In the records below, repeat word for word only the lines starting at the one that contains "Adult of Perla" and ending at the one that contains "The pumpkinseed = Common", pictures excluded.

● **Supplied material**:

○ ○ ○ ○ ○ ○ ○

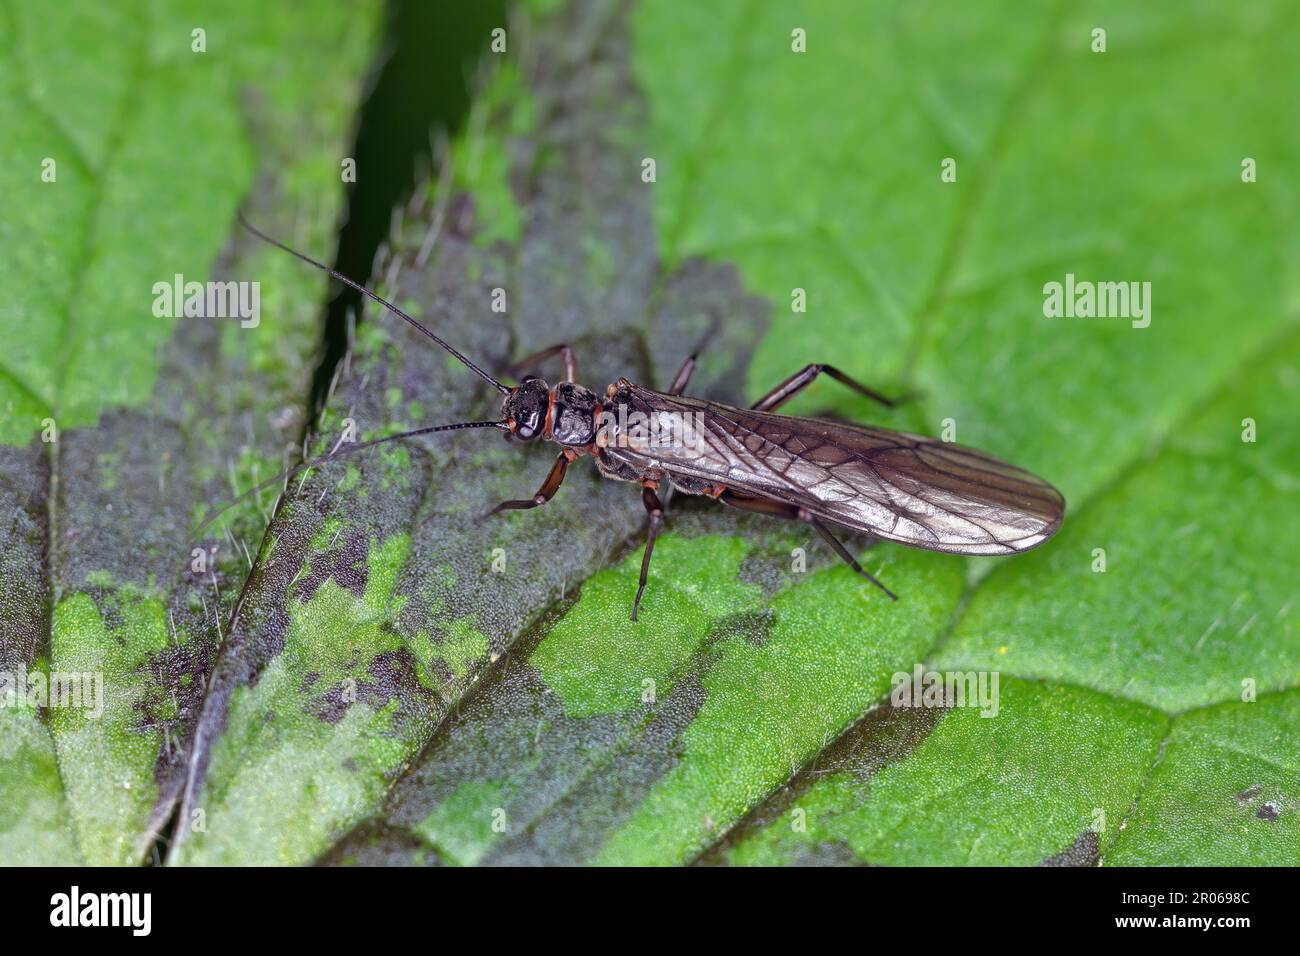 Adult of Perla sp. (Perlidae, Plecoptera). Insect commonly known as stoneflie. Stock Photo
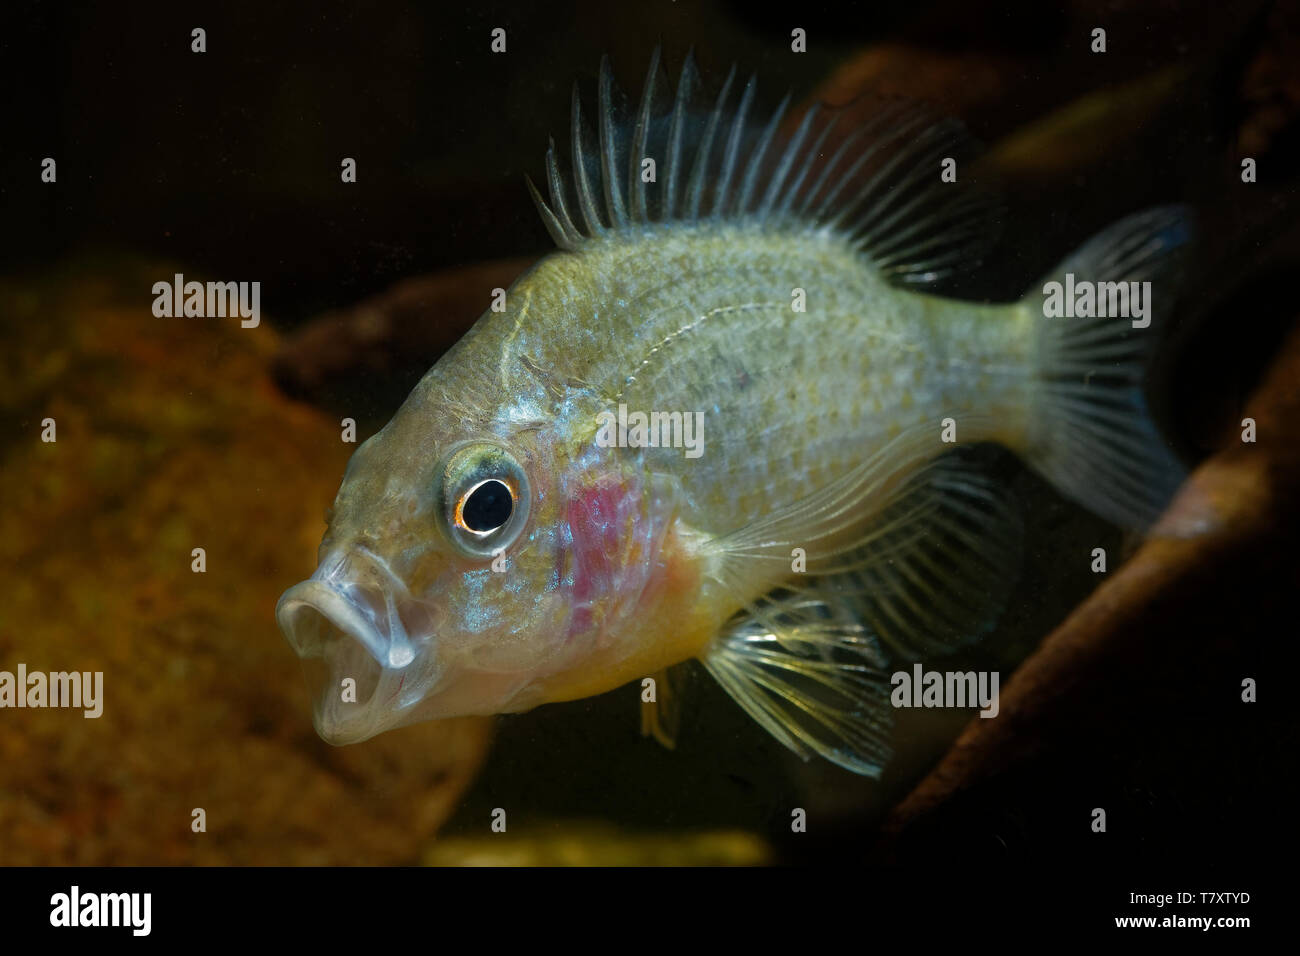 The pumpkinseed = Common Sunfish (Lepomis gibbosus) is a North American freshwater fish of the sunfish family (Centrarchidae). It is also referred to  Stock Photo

○ ○ ○ ○ ○ ○ ○

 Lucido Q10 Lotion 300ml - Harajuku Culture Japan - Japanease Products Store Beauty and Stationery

○ ○ ○ ○ ○ ○ ○

● **Result of the exercise**:
 Adult of Perla sp. (Perlidae, Plecoptera). Insect commonly known as stoneflie. Stock Photo
 The pumpkinseed = Common Sunfish (Lepomis gibbosus) is a North American freshwater fish of the sunfish family (Centrarchidae). It is also referred to  Stock Photo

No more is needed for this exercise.